Seems like you can't turn around downtown these days without bumping face-first into another movie poster. Or a commercial. Or any of the hours upon hours of previews that play every day in movie theatres across the US and around the world.
I get it. I do. It's all about moving forward, right? All in the name of progress? No, it's cool. But what happens to all of the movies that you've already made while you're out there advertising the new ones? What are those huge reels of film doing while you're whittling away at what you're hoping is going to be next summer's hit?
Want to know what happens to them? Do you really want to know? They're abandoned. Unloved. Left to lie around and collect dust on a shelf in a vault somewhere while everyone around them goes looking for something better. Banished to the back of the movie shelf and sold for practically nothing on eBay by “film buffs” looking for a way to clear off a little closet space.
I suppose it all makes sense. Everyone wants to be in on the latest. But think about it. There really is a reason why some people prefer to live in small towns; why their kids attend small schools, and why people still bake cookies for their neighbors every Christmas. Today isn't always an improvement on yesterday.

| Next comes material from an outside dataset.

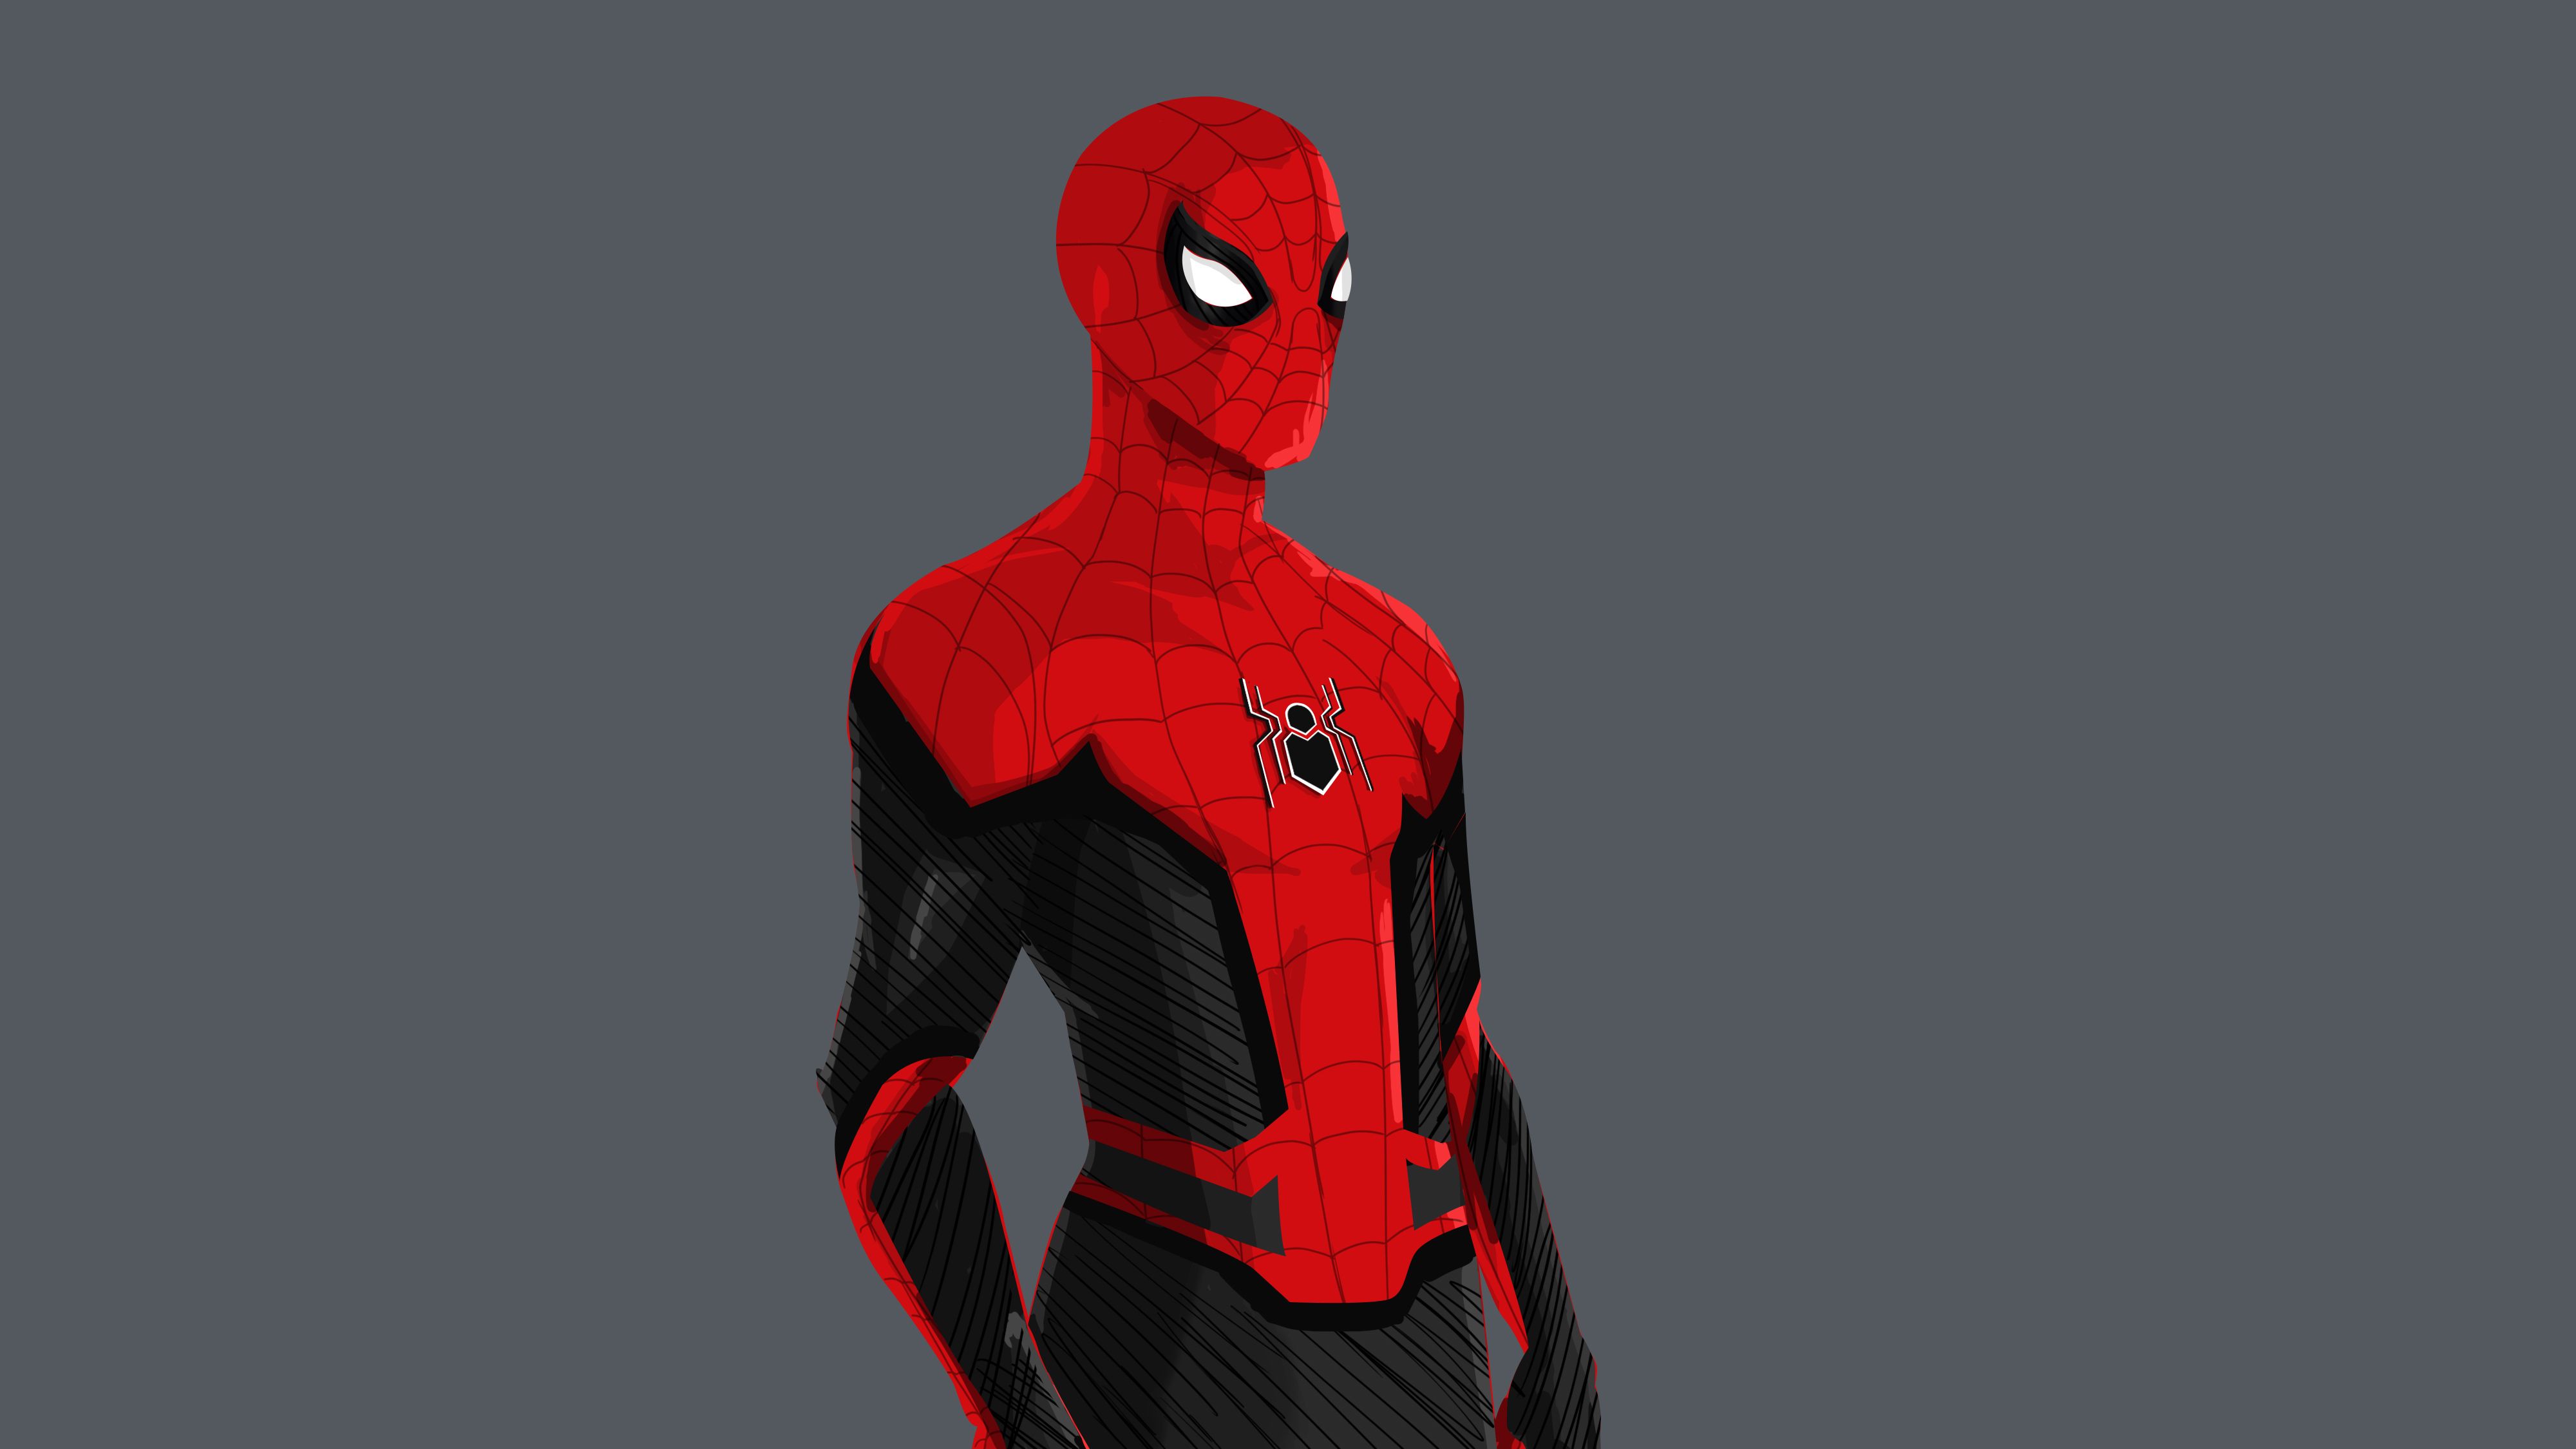 Minimalist Spider Man Far From Home Wallpapers

And that goes for movies too.
There is something sublime about classic films. Our world is replete with CGI animation and artistic directors who have access to unlimited technologies and special effects designed to bring more life to movies. Unfortunately, as has been moaned about for years, those bits of “progress” have caused movies to suffer. What steps movies have made in the way of violence, coloration, special effects and 3D technology have led to a dearth of good stories, character development and creative direction.
The great thing about the classics of yesteryear is that when they were made, the film industry in itself was in its infancy. There was a lot of experimentation and flexing of creative muscles. This led to some of the most creative and enthralling movies ever made.
There were no special effects. There wasn't even color - just black and white with very cinematic shades of gray. There really was a time when a film was made with the creative artistry of writers, directors, cameramen and actors who had no access to technology other than their own imagination. This was a time of deep story lines, odd plot twists, real character development and a whole generation of films to blow you away. These films may seem naïve in their technological simplicity. Perhaps that is the very thing that makes them so interesting when viewed today.
And in taking your breath away these classic films will take you back to yesteryear, with their rough graphics, poorly conceived special effects and the magnificent storylines that kept you watching anyway.